Pour un officier, c’est une qualité qui se cultive dès la formation initiale et n’est pas réservée au temps de guerre et aux circonstances exceptionnelles. Les engagements actuels, mais aussi les débats de temps de paix à des degrés divers, lui redonnent toute sa place. L’audace se nourrit de l’expérience mais s’appuie sur un socle solide de convictions – d’ordres géopolitique, stratégique, et moral – qui permettent au chef militaire de s’affranchir des schémas convenus pour définir son propre cap pour le succès des armes de la France. Cette aptitude ne peut cependant pas se révéler sans une force de caractère très marquée, qui permet de penser différemment en se libérant des facteurs d’inhibition propres au modèle de société actuel.



Saint-cyrien de la promotion Général Vanbremeersch (2001-2004), le Chef d’escadrons DIAS a servi sept années au 1er Régiment étranger de cavalerie avant de rejoindre l’état-major des armées en 2012. Il suit actuellement l’Advanced Command and Staff Course à Shrivenham (Grande-Bretagne).











[i] Général Éric Bonnemaison, «Toi, ce futur officier», troisième partie.

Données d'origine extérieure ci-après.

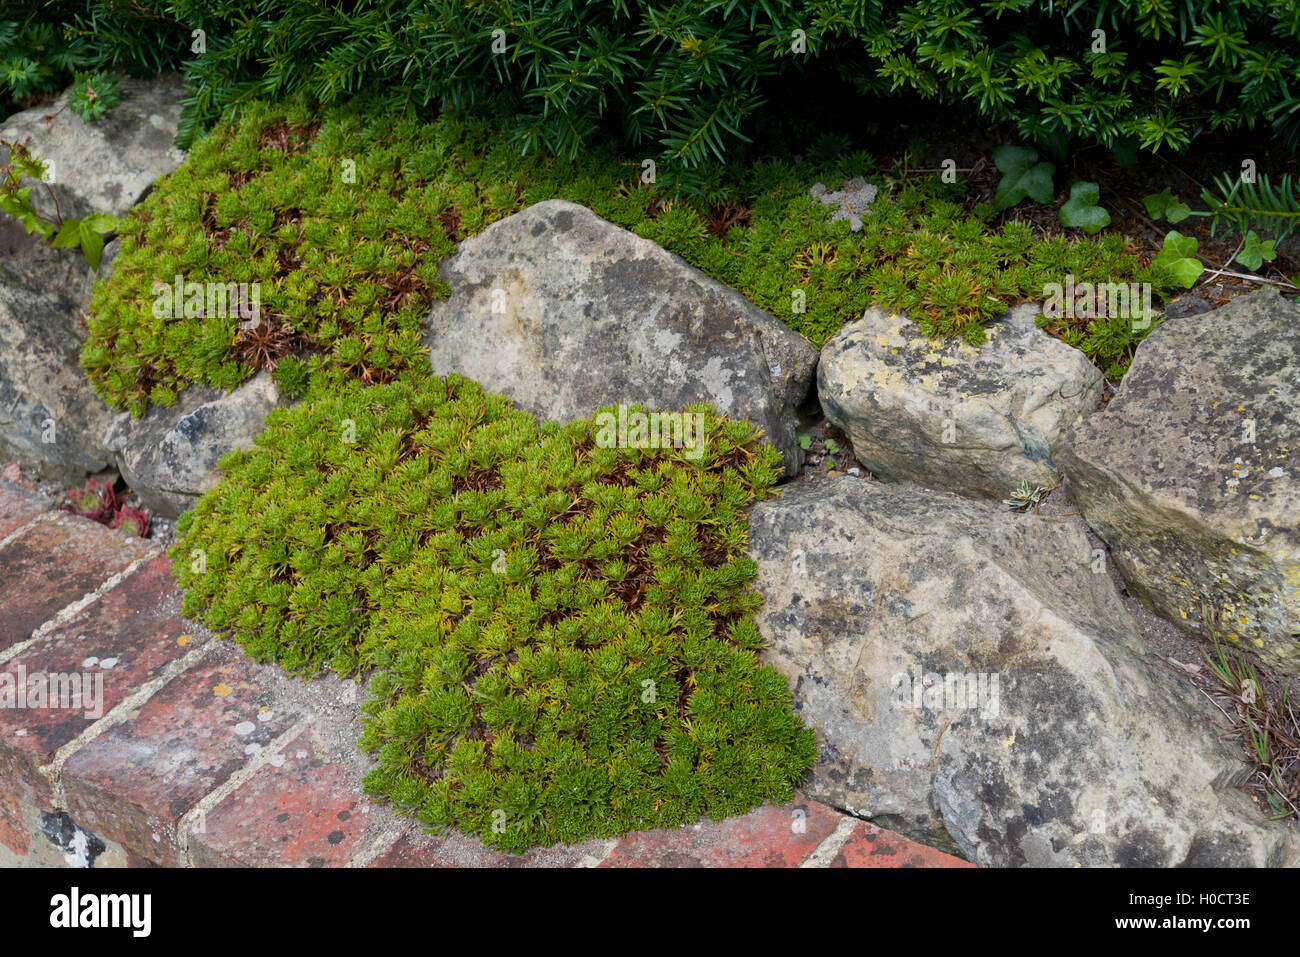 Ground cover plant growing between rocks and bricks. Stock Photo

[ii] Le Larousse définit l’audace à la fois comme un trait de caractère (hardiesse sans limite), et comme une attitude (celle de quelqu’un qui méprise les limites imposées par la convenance, les règles communément admises).
[iii] John Warden, «Planification en vue du combat»
[iv] «directif»
[v] Pierre Rocolle, «L’hécatombe des généraux»
[vi] Colonel Philippe Cholous, «De la philosophie essentielle du commandement militaire», Un authentique rapport à la mort
[vii] Le Figaro, Propos recueillis par Étienne de Montety, interview du 12 juillet 2008.